Further, in FIG. 7b, the A input is selected for taps 1 to k, and the B input is selected for taps k+1 to N.

As described above, according to the present invention, it is possible to increase the amount of echo cancellation by reducing the influence of quantization noise. In addition, in the adaptive echo canceller, the second right-hand side of equation (3)
The correction speed becomes faster because the denominator of the term becomes smaller.

As a method for varying the number of taps in the adaptive echo canceller, the methods shown in FIGS. 2 and 3 can also be adopted.

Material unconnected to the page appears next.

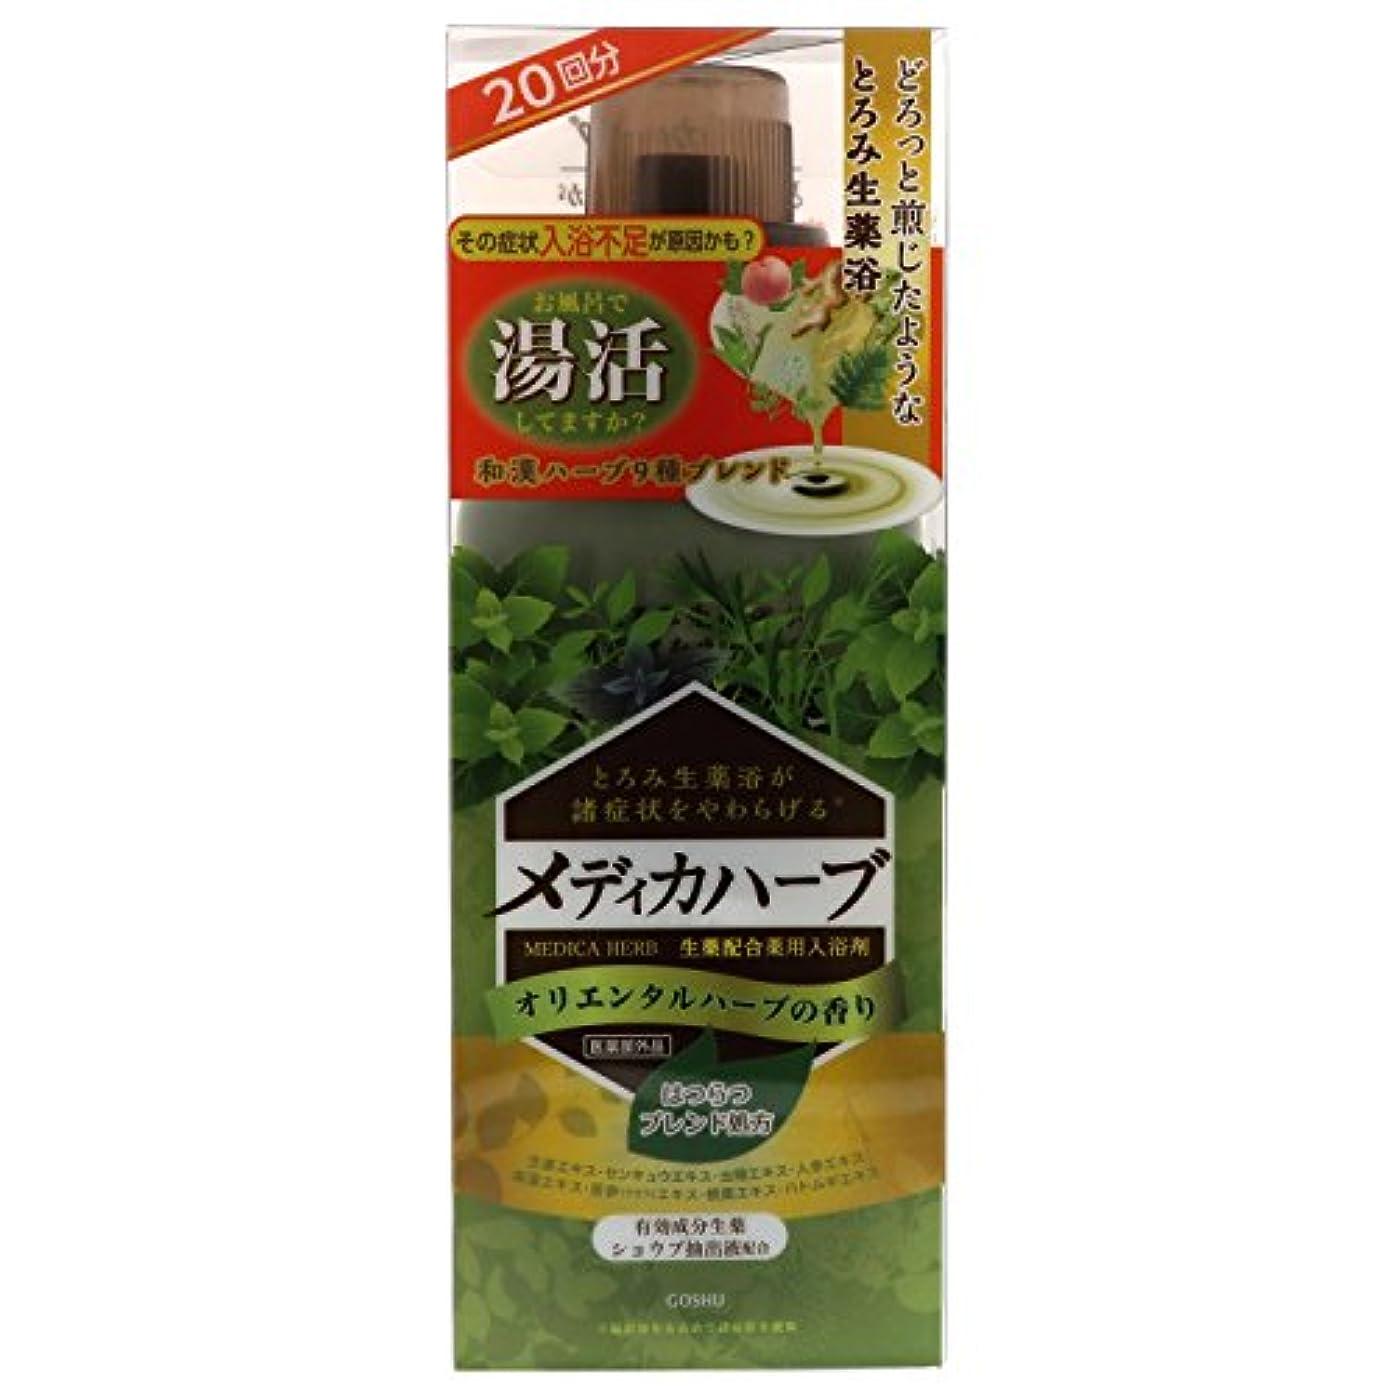 信頼性のある王室舌なメディカハーブ オリエンタルハーブの香り 400ML(20回分) [医薬部外品]

[Brief explanation of the drawing]

1 to 4 are block diagrams showing first to fourth embodiments of the present invention, and FIGS. 5 to 7 are specific circuit diagrams showing a part of the present invention. In FIGS. 1 to 4, 1... Receiving side input terminal, 2... Receiving side output terminal, 3... Sending side input terminal, 4... Sending side output terminal, 5... Analog-digital converter, 6...Digital-to-analog converter, 7...Adder, 8...Tap coefficient storage circuit,
9... Receiving side signal storage circuit, 10... Multiplication circuit, 11... Accumulator, 12, 13, 14, 16...
...Switcher, 15...Tap gain correction circuit.

Claims (1)

[Claims] 1. A coefficient memory for storing coefficients, a data memory for storing data, a multiplier for multiplying the coefficient by the data, and an accumulator for accumulating the output of the multiplier. Yn＝ _k 〓 ^j=1 H _j X _oj + _N 〓 ^j=k+1 H _j X _oj (However, Yn is the filtering output, H _j is the jth coefficient, and X _oj is data before the jth
N is the number of filter taps) In a transversal filter that calculates the number of filter taps, there is a switching circuit that controls the result of _N 〓 ^j=k+1 H _j X _oj to be zero, and a control circuit that controls this switching circuit. and the switching circuit is arranged between the coefficient memory and the multiplier, between the data memory and the multiplier, or between the accumulator and the multiplier. Transvasal filter.